If you are a startup with a small staff you are sure to want a self-optimizing data warehouse and free your employees from the headache of managing the facilities you rent. Yet, manual maintenance of the warehouse pipeline will enable you to tailor it to your specific needs and thus have greater control over its flexibility, performance, and your expenditures.
Every entrepreneur would like to spend minimal time and money on adopting new technologies and tools and training personnel to use them. So engaging the services of an EDW provider make sure your conventional tools work well within the database and your current software needs as little customization as possible.
Let’s hope these guidelines were instrumental in your choosing an enterprise data warehouse that suits you to a tee. Now you have to implement it in your organization.
While executing enterprise data warehouse projects, we at DICEUS have developed a universal roadmap that streamlines and facilitates the implementation process tremendously.
The ultimate purpose of a data warehouse is to offer stakeholders accurate and timely information on the company’s performance to take steps to improve it. By interviewing the organization’s decision-makers we determine what data is crucial for them to enter into the warehouse to be analyzed and acted upon.
We gather all requirements for hardware, software, testing, analysis, reporting, and employee training that condition the successful implementation of the project. This stage also includes determining data backup strategy and failure recovery plan.
At this stage, we identify data sources and define the way data structures in the warehouse will be stored, processed, and made available.
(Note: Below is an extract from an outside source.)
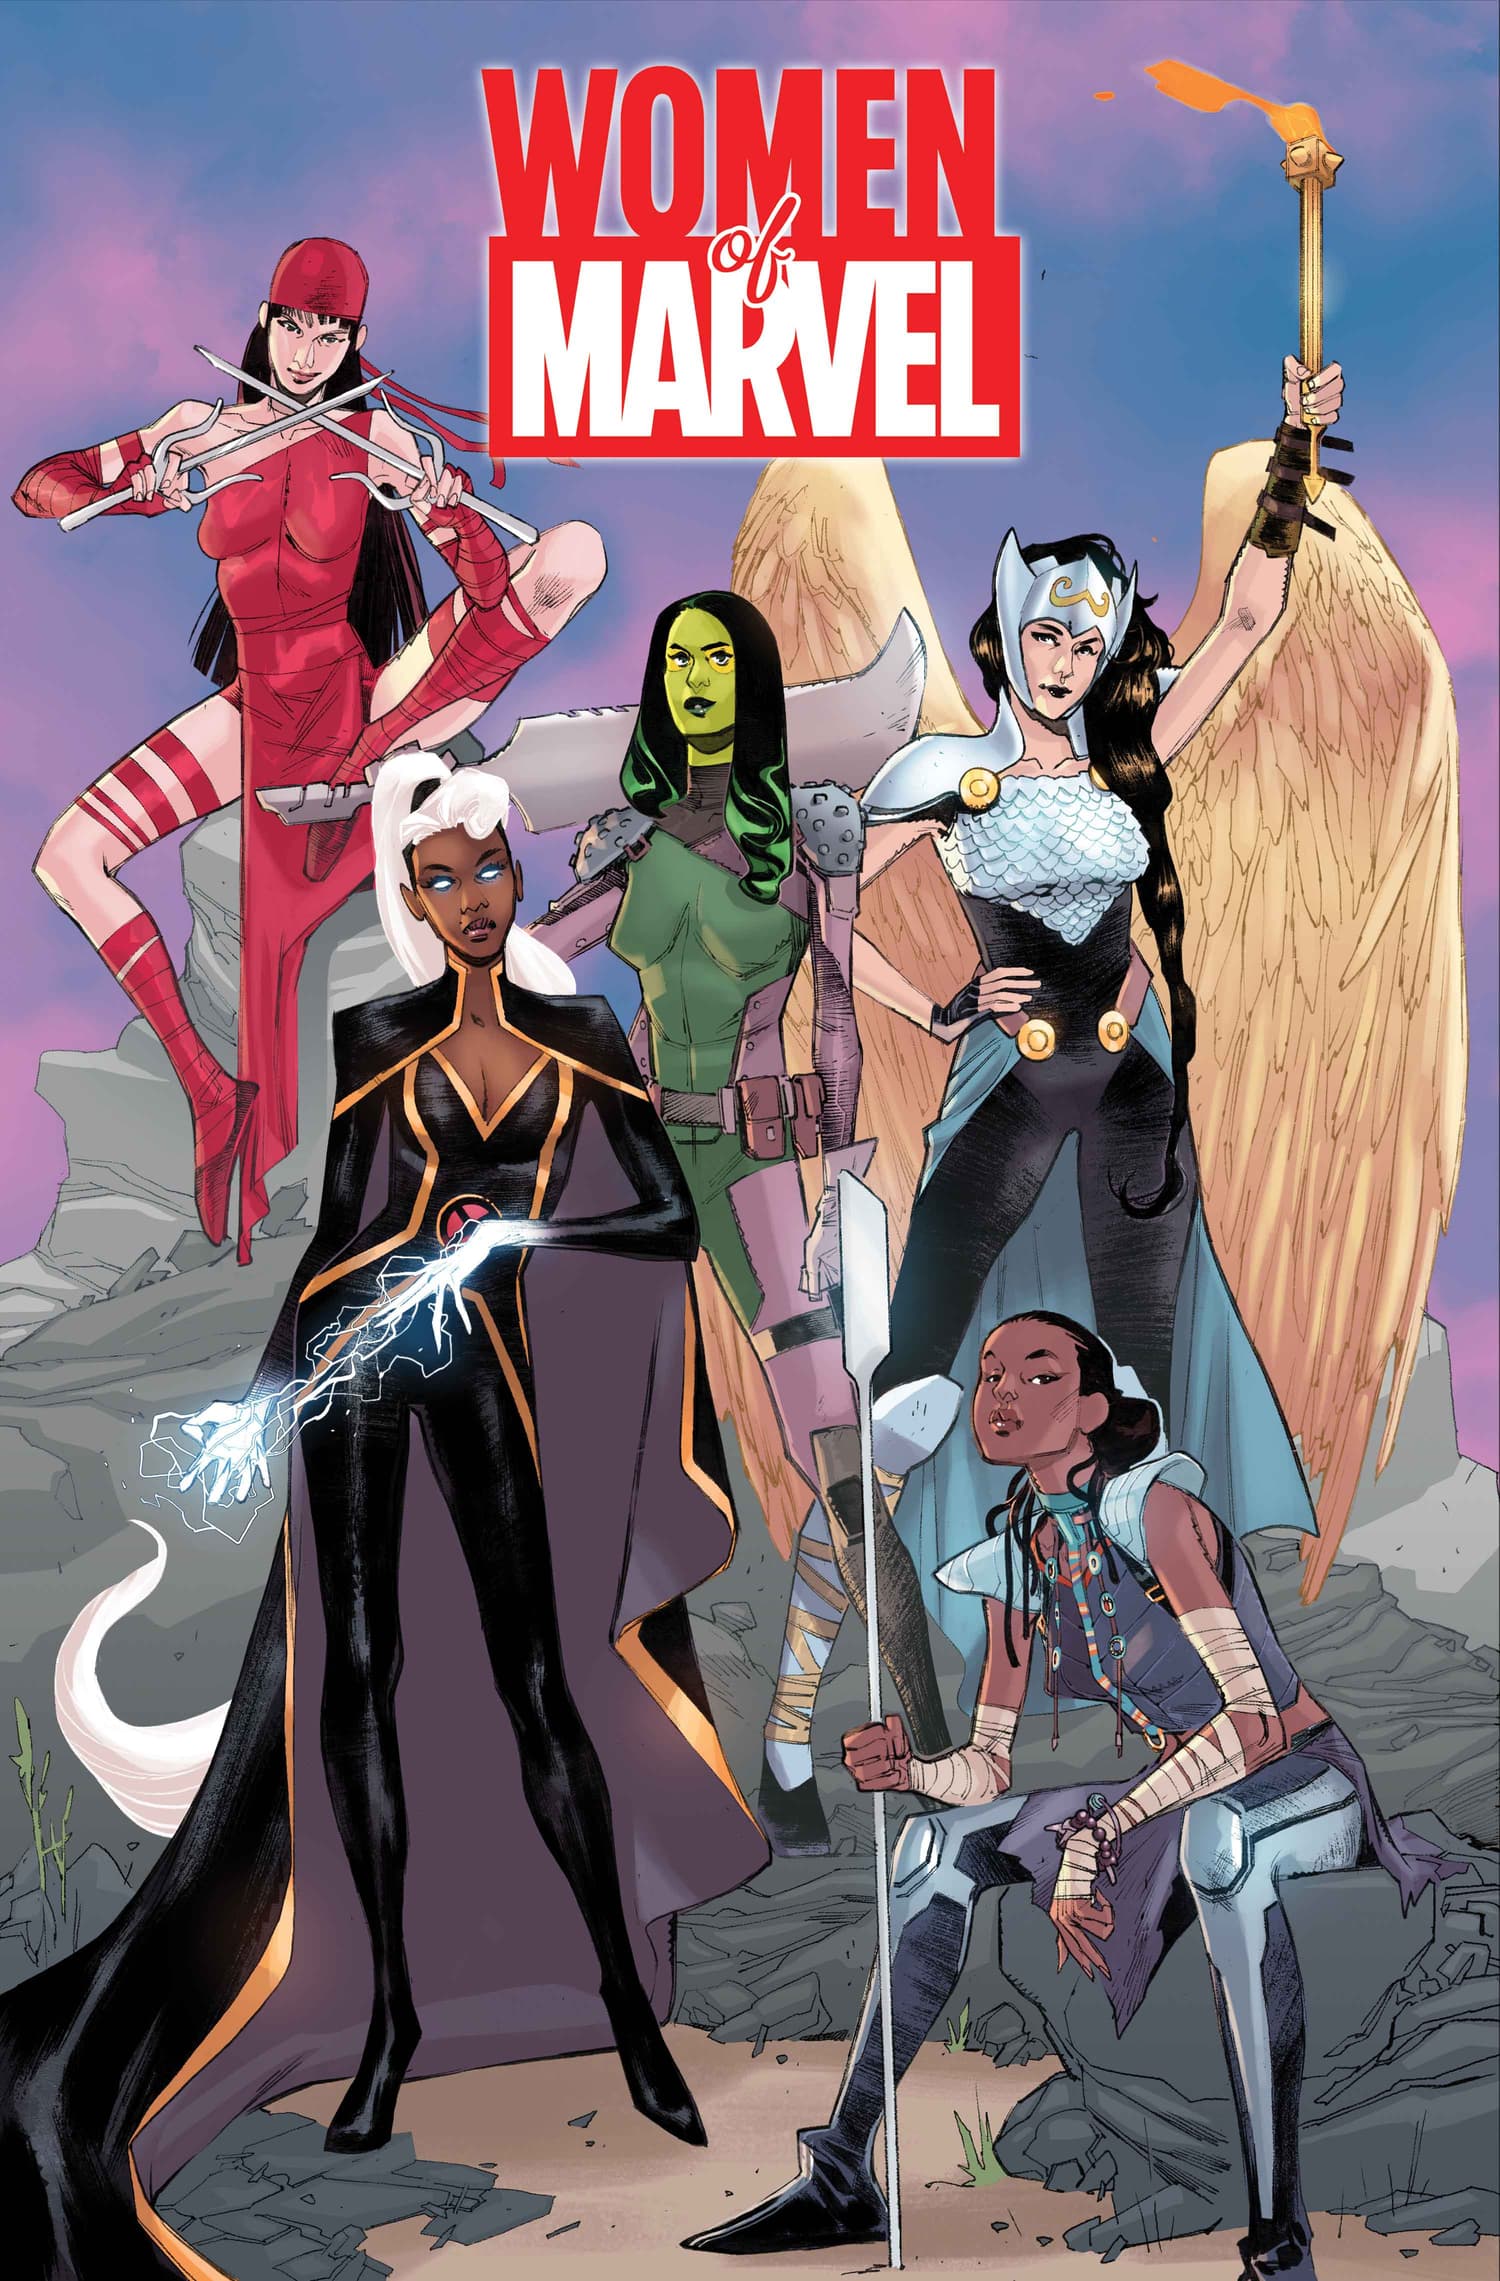 Women of Marvel #1

This model serves as a wireframe for developing logical and physical data structures determined by the established requirements.
Now we can start building tables or OLAP cubes. The latter model is more elaborate and takes longer to implement since it includes numerical values (aka grouping measures), dimensions (like geographical areas, time units), and data granulation. A matter of our special care is making sure OLAP cubes are promptly updated as soon as the same procedure is applied to the warehouse.
Next comes the choice of the form of sharing data stored in the warehouse that must be accessed via any device, be it a desktop or a smartphone. To do that, the experts of DICEUS choose a front-end tool that fits with the customer’s requirements and business goals. The two key elements of the front-end that we get as the output are reports and dashboard features.
Once the data warehouse is ready, it must be tested. Thus, we check the quality of operation, reveal possible problems, and address them before the actual deployment is implemented.
At this stage, the completed enterprise data warehouse is launched and the company’s employees are taught to operate it. Adequate training is important since, if the end users fail to learn its ins and outs, all the previous effort may be rendered useless.
In the data-driven world of the 21st century, master of information is master of situation. By pooling critical information in a single enterprise data warehouse and having constant access to it, companies can analyze trends, develop meaningful insights, and plan their professional activities correspondingly. DICEUS can be your reliable partner in implementing top-notch EDW projects that will propel your business on the way to a financial bonanza.